I so admire
this couple that is dedicated to raising medically needy babies. The longer I’m in the adoption world, the more I’ve met families likes this, and I’m always impressed.
A family with 14 special needs children stayed with us for a week recently and I was amazed at the amount of work required in tending to medical needs children. My life looked like a walk in the park in comparison.
Just as I often hear, “I could never do what you do,” this is all I can do. I am not knowledgeable enough, nor medically trained, nor in any way competent enough to undertake such paramount medical responsibilities.
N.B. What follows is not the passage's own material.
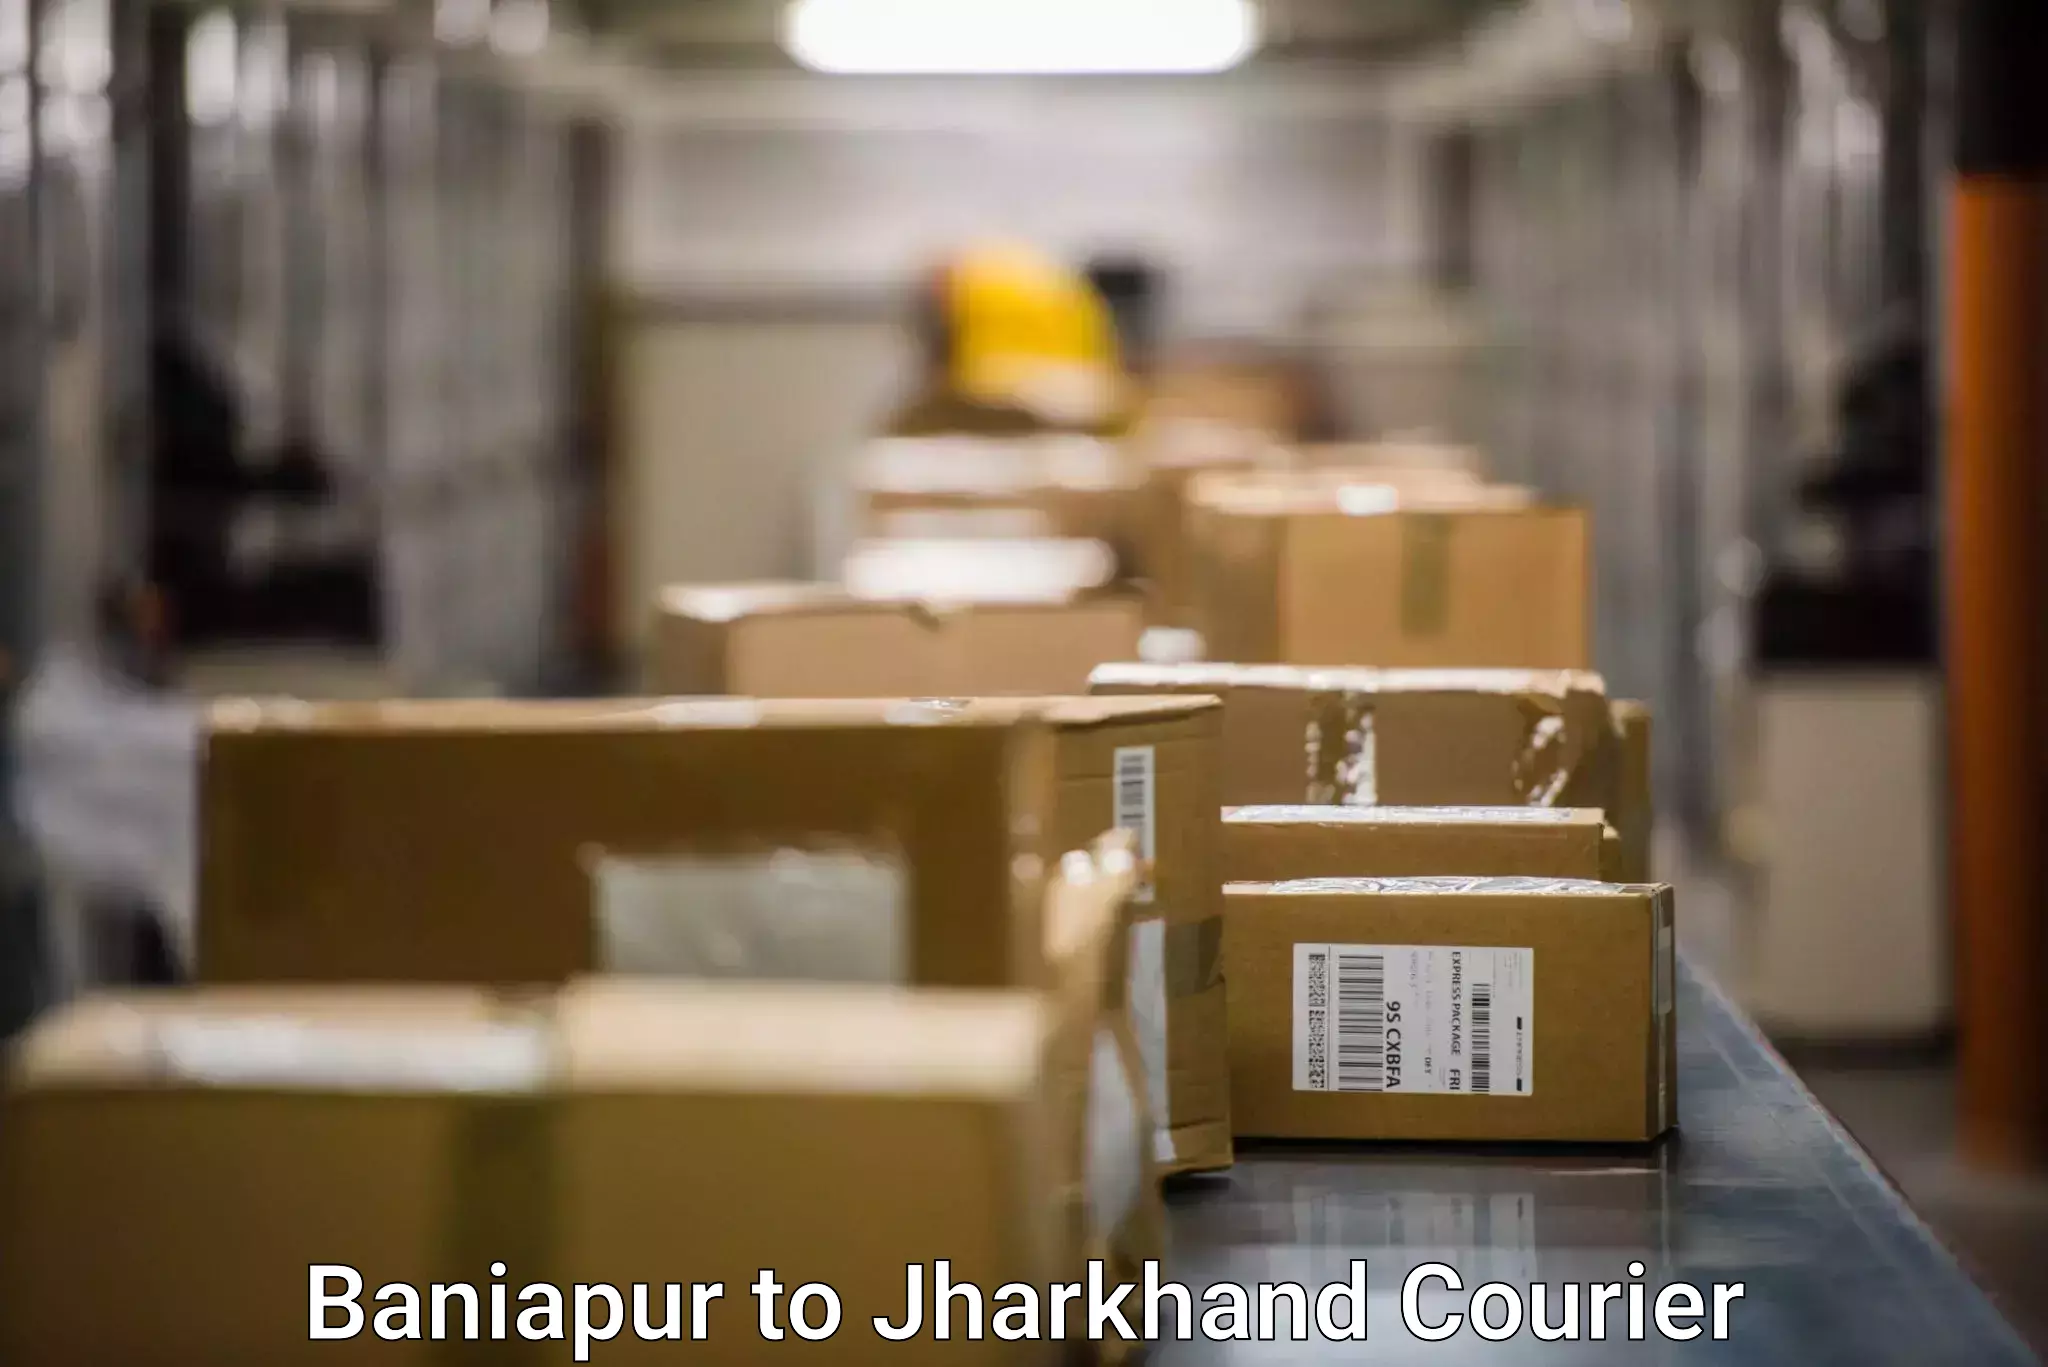 Door-to-door freight service Baniapur to Tandwa

Part of being able to maintain a positive attitude, in spite of my family’s many difficulties and innate struggles, comes from my huge curiosity about the world and even more so, the way I am daily impressed by all that I cannot do in life. I love the TV shows about how stuff is made, I’m fascinated by factory tours, and I love reading biographies and interviews with entrepreneurs and learning how their many ideas came to pass.
I approached the adoption of older children in a similar manner. I had an idea in my mind, a goal I wanted to accomplish, and I set about with a great deal of determination to get the job done.
In retrospect, the adoptions were the easy part, the mountains of paperwork in no way compared to the years I’d later spend in therapy sessions with my children, and those home visits that inspect one’s abode? Oh honey, that was the last time my home was presentable, the kids moved in and immediately proceeded to dismantle it chunk of sheetrock by chunk.
I feel that I was well-trained in
MAPP, well read, and willing and able to take on the world.
Now I feel like I was hit by a train, but I am still standing, still loving my children, and only a little less willing to take on the entire world.
I’ve since learned that there are so many areas in adoption that I would not have done well in, that I was not called by God at all to participate in, but that I ended up where I should be, with the kids I should be parenting.
If I could have changed anything along the way it would only have been my own attitude, where I would have learned to have been more forgiving, more flexible and more focused on the big picture. The details that often tripped me up weren’t necessarily that important in the long run.